Na prática o contribuinte consegue habilitar os créditos para transferência mediante processo administrativo, contudo a Secretária do Estado da Fazenda, após a aprovação dos pedidos de reserva destes, impede a transferência dos créditos habilitados à terceiros, impondo limites ilegais e inconstitucionais, publicando, a cada período, o valor máximo disponível para transferência, sempre em montante proporcionalmente bem menor do que o total a que faz jus.
Nesse sentido, através do art. 52-C do RICMS-SC, o Fisco Estadual impõe como condição para liberação de limites adicionais de créditos acumulados para transferência a assinatura de termo de compromisso para execução de plano de investimentos e termo de compromisso para contribuição em valor equivalente a 5% do valor do crédito autorizado para fundo estadual indicado no ato concessório.
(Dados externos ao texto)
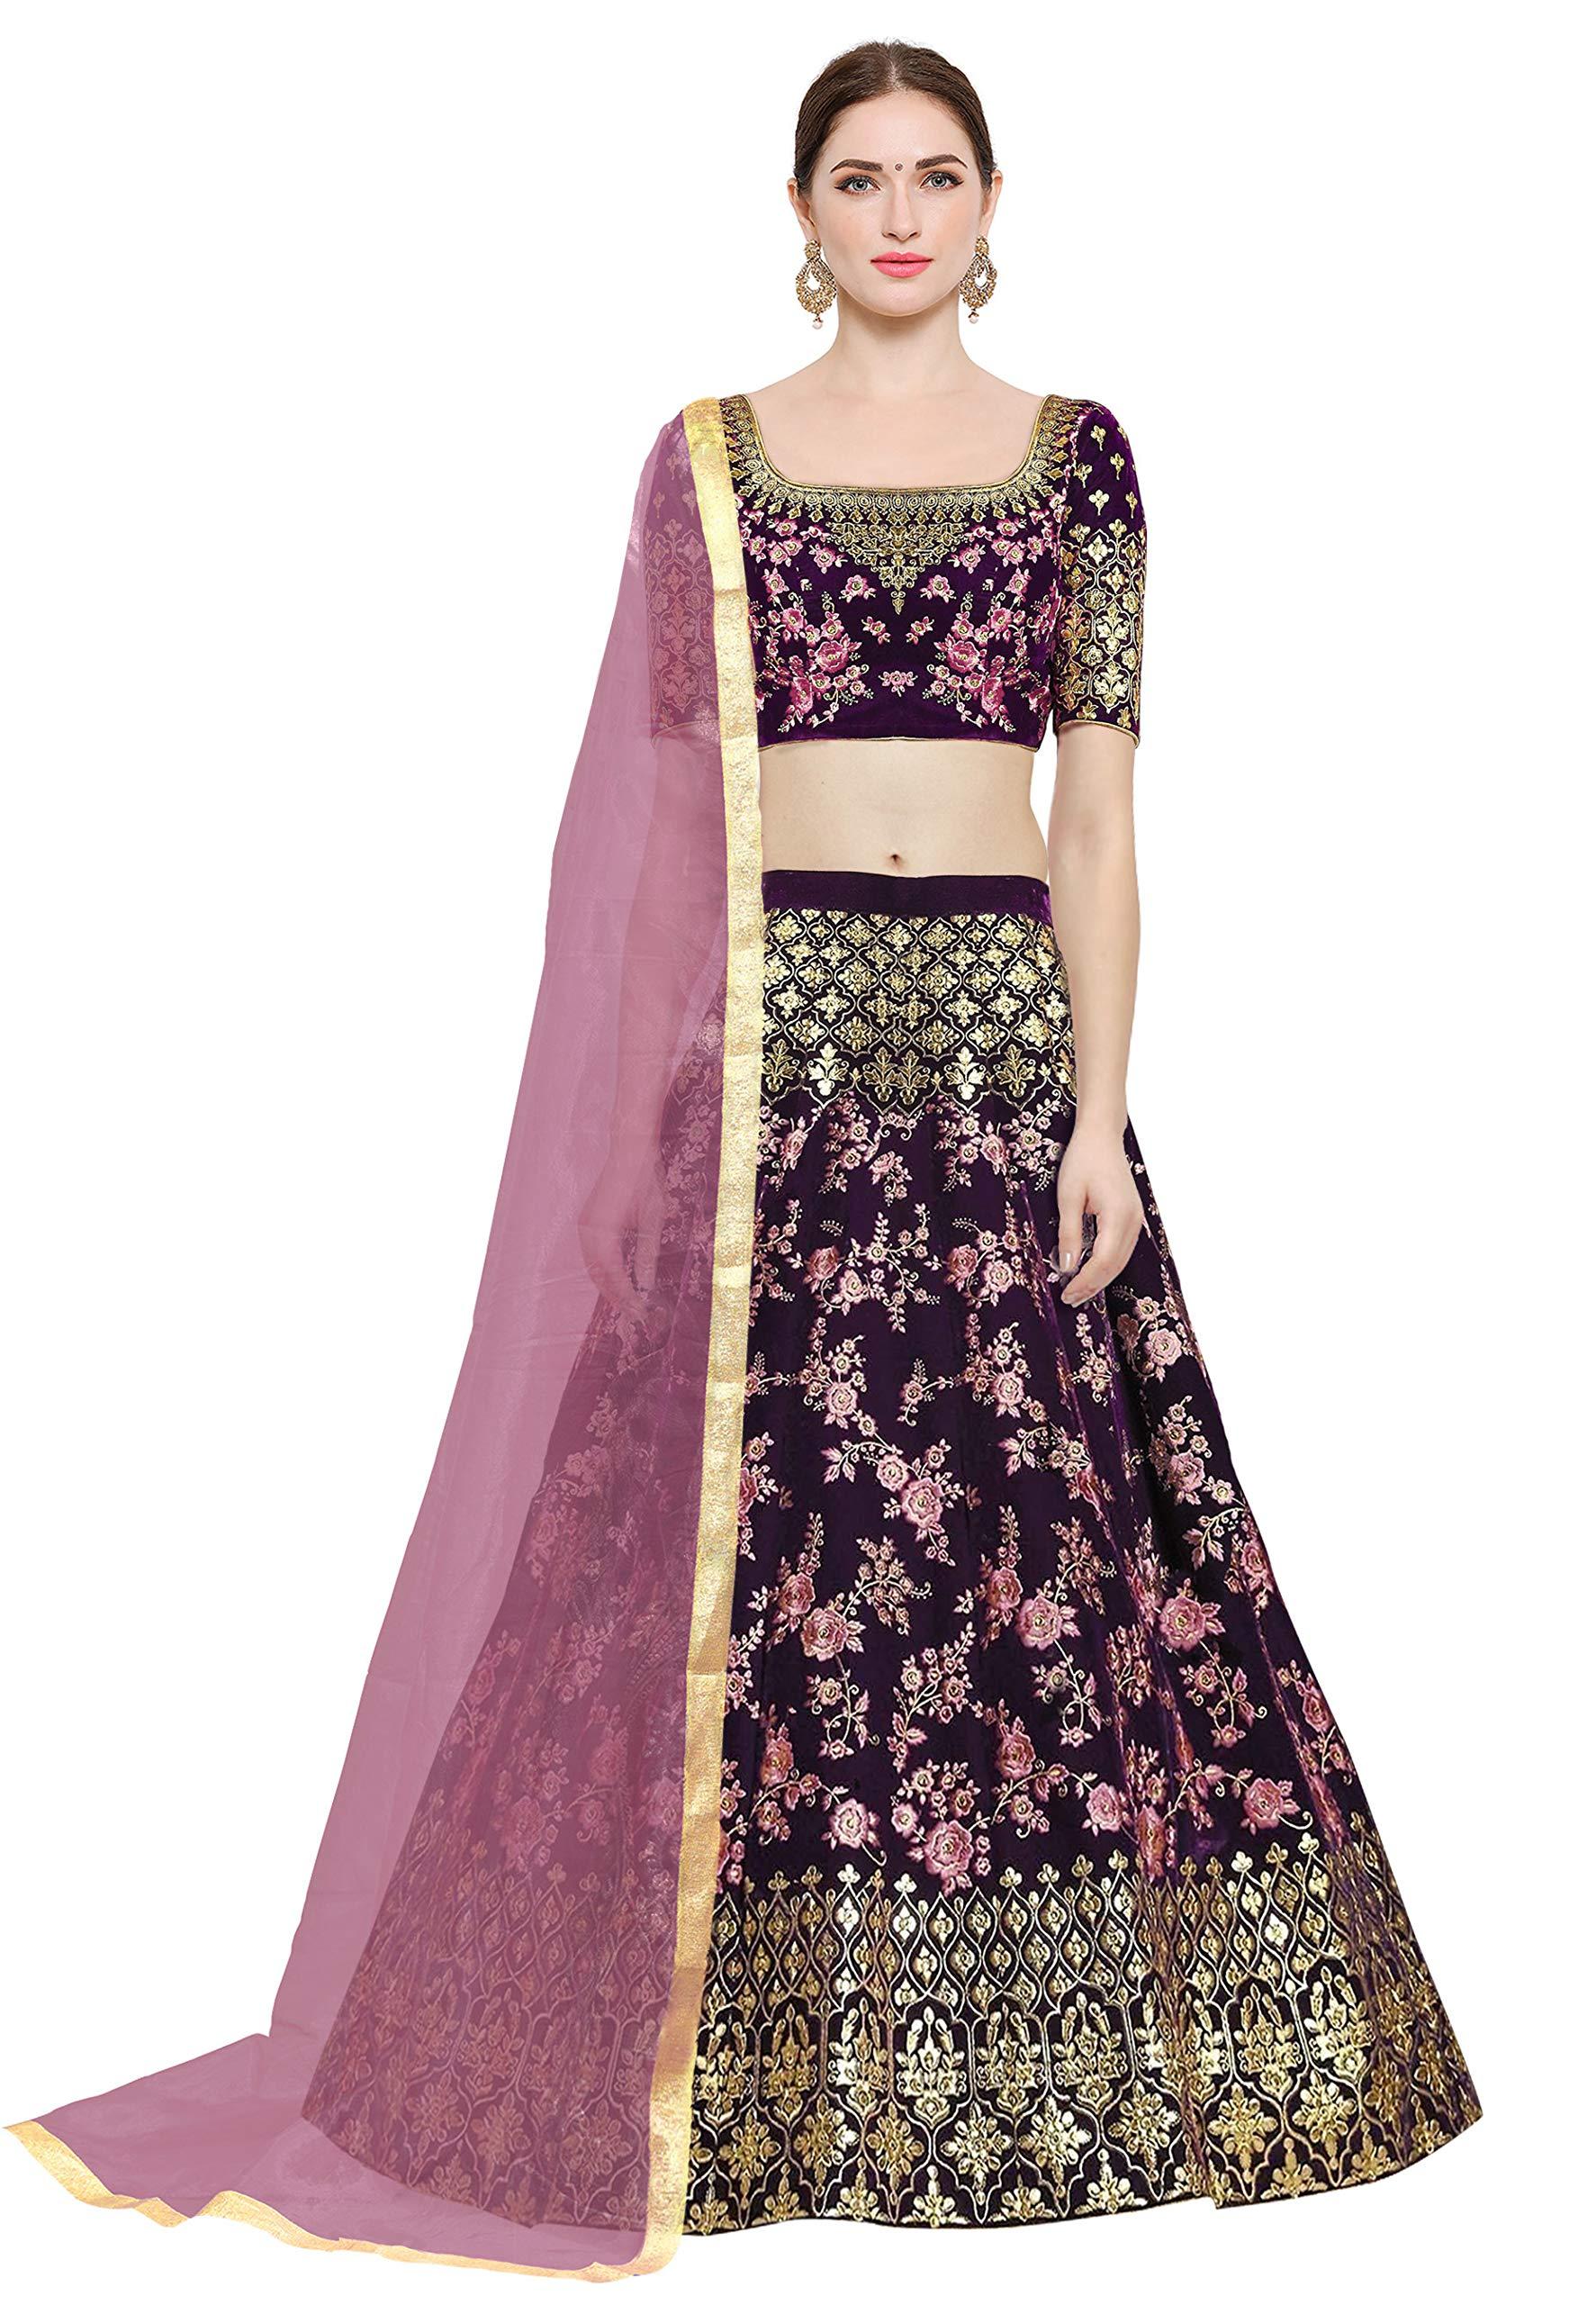 79248d5401 KEDARFAB Women's Taffeta Silk Embroidered Lehenga Choli with Blouse Piece  (Pink,Free Size) - Gia Designer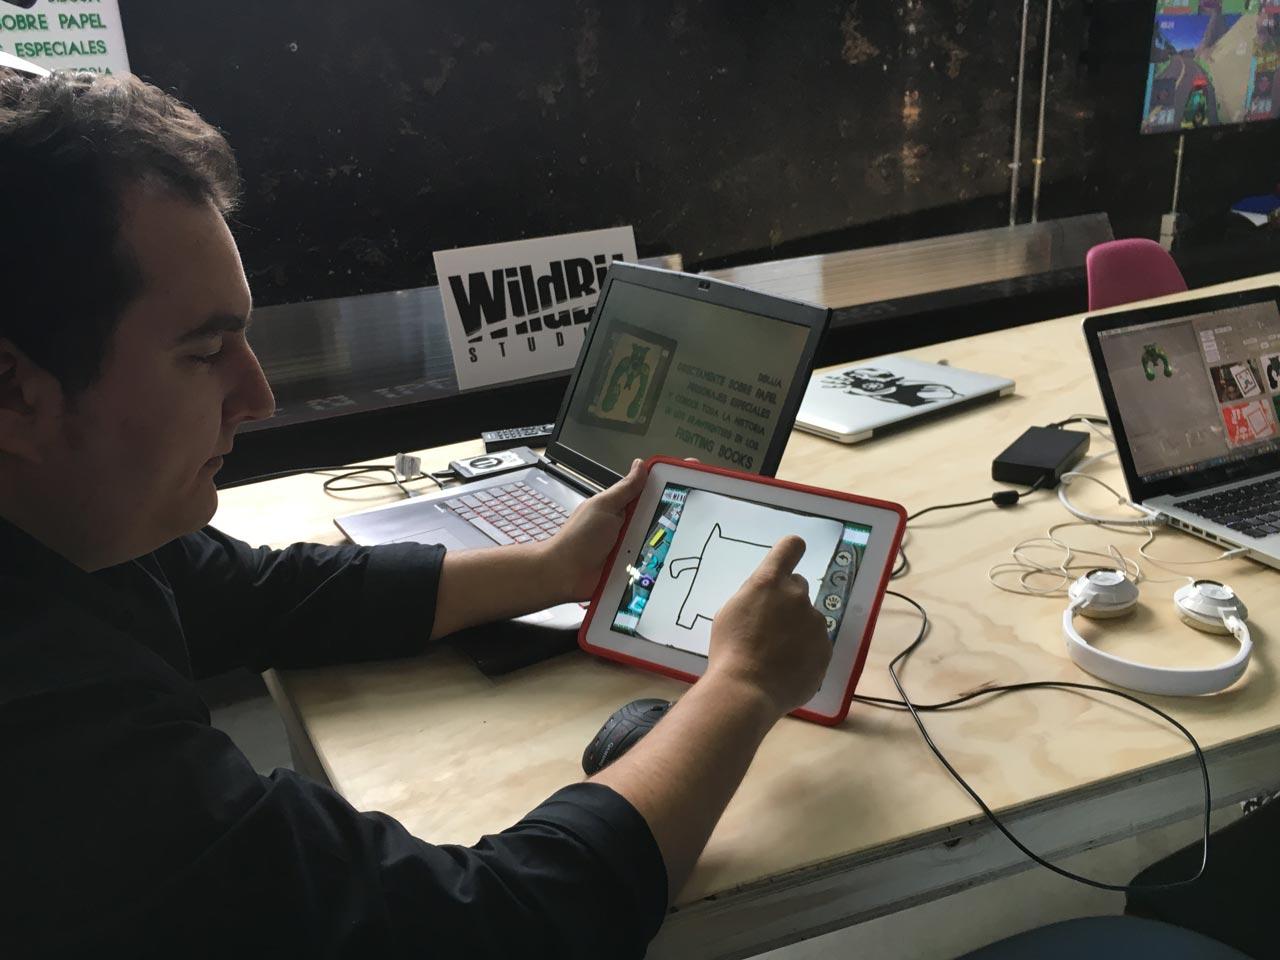 Entrevista a Wildbit Studios

Contudo, o Poder Judiciário Catarinense vem reiteradamente acolhendo as irresignações dos contribuintes contra estas ilegalidades, ao proferir sentenças e lavrar acórdãos garantido o direito à transferência integral dos créditos acumulados de ICMS-exportação à terceiros sem a necessidade de respeitar os limites mensais ilegalmente instituído pelo RICMS/SC, respeitando o disposto no art. 21, § 2º e art. 25, da Lei Complementar n.º 87/96 e art. 31, inciso II, da Lei Estadual de nº 10.297/1996, bem como, sem a aplicação das exigências do art. 52-C do Decreto nº 2.870/2001, traduzidos no pagamento de 5% a fundo especial, metas de faturamento e oferta de emprego, plano de expansão ou qualquer outro critério, considerando-os inconstitucionais.
Diante disso, inconformados com o que consideram verdadeira sangria de recursos e fator de desestabilização das contas públicas, o Estado de Santa Catarina editou, em 11/06/2025, o DECRETO Nº 1.025/2025, introduzindo alteração no RICMS-SC, para incluir o art. 46-A na sua Subseção I da Seção IV do Capítulo VI, o qual apresenta a seguinte redação:
“Art. 46-A Salvo no caso de transferências de crédito em que os valores são calculados diretamente pelo Sistema de Administração Tributária (SAT), daquelas realizadas de acordo com o art. 52-C do Regulamento, os incisos I a III do § 3º do art. 25 do Anexo 3 e das transferências realizadas pelos contribuintes beneficiários do tratamento tributário previsto no art. 17 do Anexo 2, o destinatário da transferência apropriará o crédito recebido à razão de um dezoito avos ao mês a partir do recebimento da AUC.
Parágrafo único. Na hipótese do caput deste artigo, o pedido de transferência de crédito deverá ser precedido de declaração de aceite pelo destinatário, conforme previsto no art. 51 do Regulamento.”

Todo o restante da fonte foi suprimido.